Key differentials of a caseating/cavitary lung lesion

  • Caseating granuloma: TB (commonest). Non-caseating granuloma: sarcoidosis (Schaumann/asteroid bodies, non-caseating, ACE↑), berylliosis, Crohn.
  • Cavity: TB, lung abscess, cavitating squamous cell carcinoma, Klebsiella, Staph, fungal (aspergilloma), GPA (Wegener — necrotising granulomatous vasculitis, c-ANCA/PR3).
  • Apical fibrocavitary disease: secondary TB vs chronic histoplasmosis vs ankylosing spondylitis apical fibrosis.

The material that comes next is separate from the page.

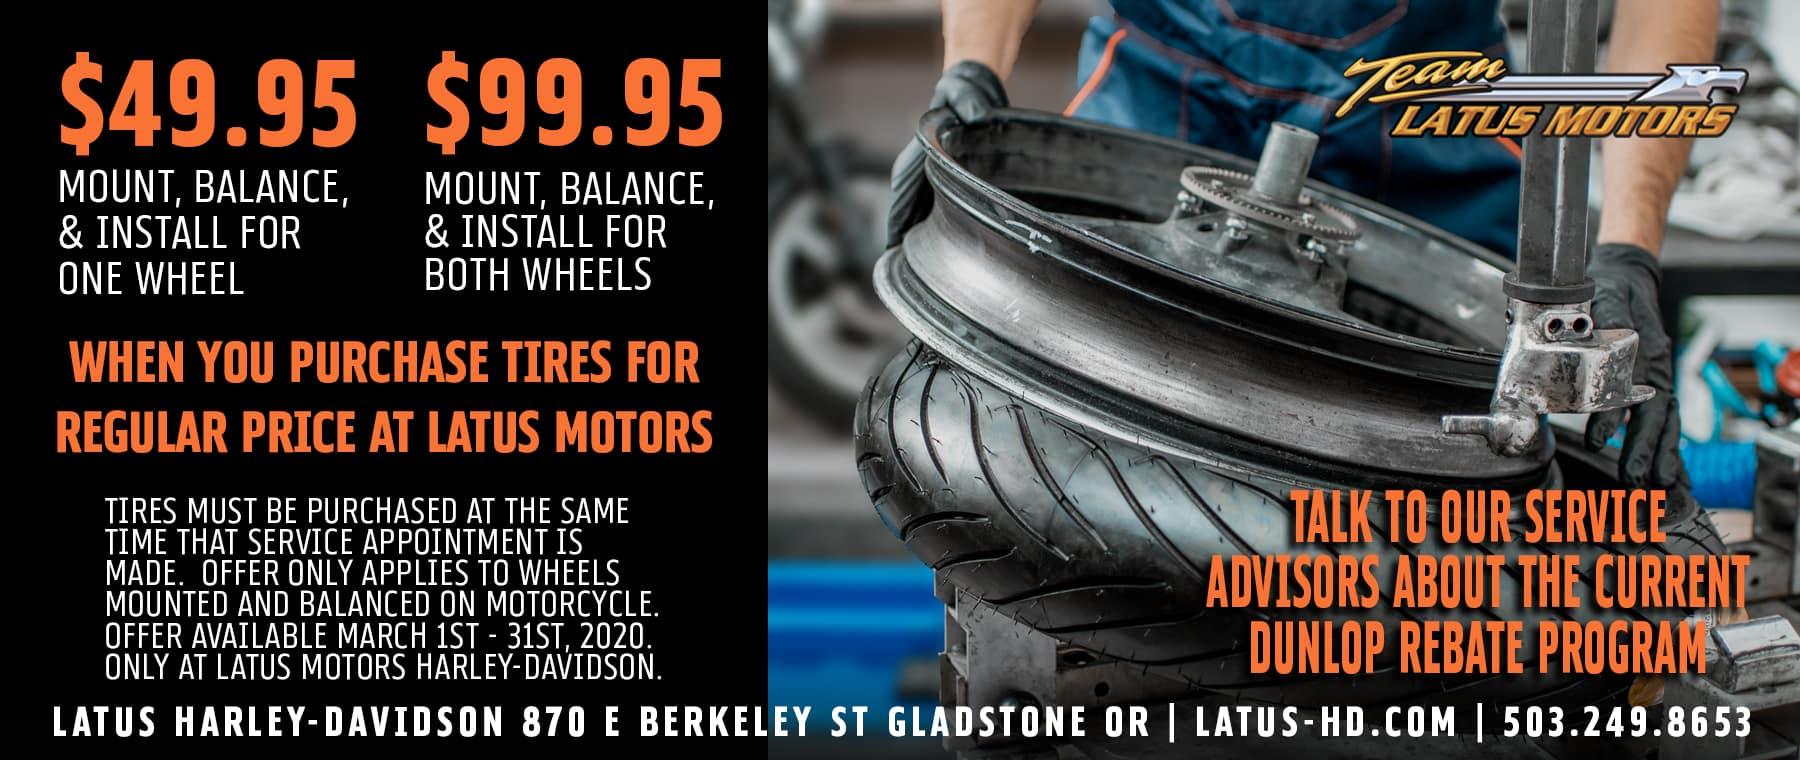 Latus Motors Tire Installation Special

Recently asked / exam angle

  • Match the eponym to the focus: Ghon (primary, subpleural), Simon (apical seed, reactivates), Assmann (early secondary), Ranke (calcified healed primary), Rasmussen (aneurysm in cavity → haemoptysis). Frequently tested as a one-line stem.
  • Caseous necrosis identified as combined coagulative + liquefactive; Langhans giant cell with peripheral horseshoe nuclei.
  • Stage of lobar pneumonia from a histology/gross description — "grey, dry, firm with fibrinopurulent exudate and lysed RBCs" = grey hepatization; "alveoli full of RBCs, fibrin, neutrophils, liver-like" = red hepatization.
  • Site of aspiration abscess = right posterior upper / superior lower lobe segment.
  • Type IV hypersensitivity as the mechanism of tissue damage in TB; granuloma cytokines IFN-γ, TNF-α.
  • CBNAAT/GeneXpert as first-line rapid test detecting rifampicin resistance; LJ culture as gold standard.
  • Miliary TB lesion size 1–2 mm; spread via pulmonary vein/lymphatics.
  • Image-based: air-crescent sign = aspergilloma in old TB cavity.

Rapid revision

  1. Ghon complex = Ghon focus + lymphangitis + hilar lymphadenitis (primary TB).
  2. Ranke complex = calcified/healed Ghon complex.
  3. Simon focus = apical haematogenous seed during primary TB that later reactivates → secondary TB.
  4. Assmann focus = early secondary (reactivation) infraclavicular apical lesion.
  5. Rasmussen aneurysm = pulmonary artery pseudoaneurysm in a TB cavity → haemoptysis.
  6. TB tissue damage = type IV hypersensitivity; granuloma needs IFN-γ (Th1) and TNF-α; anti-TNF drugs reactivate TB.
  7. Langhans giant cell = peripheral horseshoe nuclei; epithelioid cells = activated macrophages; caseation = coagulative + liquefactive necrosis.
  8. Lobar pneumonia stages: Congestion → Red hepatization → Grey hepatization → Resolution ("Children Read Good Rhymes"); resolution driven by macrophages.
  9. Red hep = RBC+fibrin+neutrophils (red, liver-like); grey hep = lysed RBCs + fibrinopurulent exudate (grey).
  10. Bronchopneumonia = patchy, bilateral basal, bronchiolocentric; lobar = uniform, alveolocentric. Klebsiella → currant-jelly sputum, bulging fissure, abscess.
  11. Aspiration lung abscess → right lung posterior upper / superior lower segment; anaerobes → foul sputum; chronic → AA amyloidosis.
  12. CBNAAT/GeneXpert = rapid first-line (+ rifampicin resistance); LJ culture = gold standard; ZN stain = AFB red on blue; aspergilloma = air-crescent sign.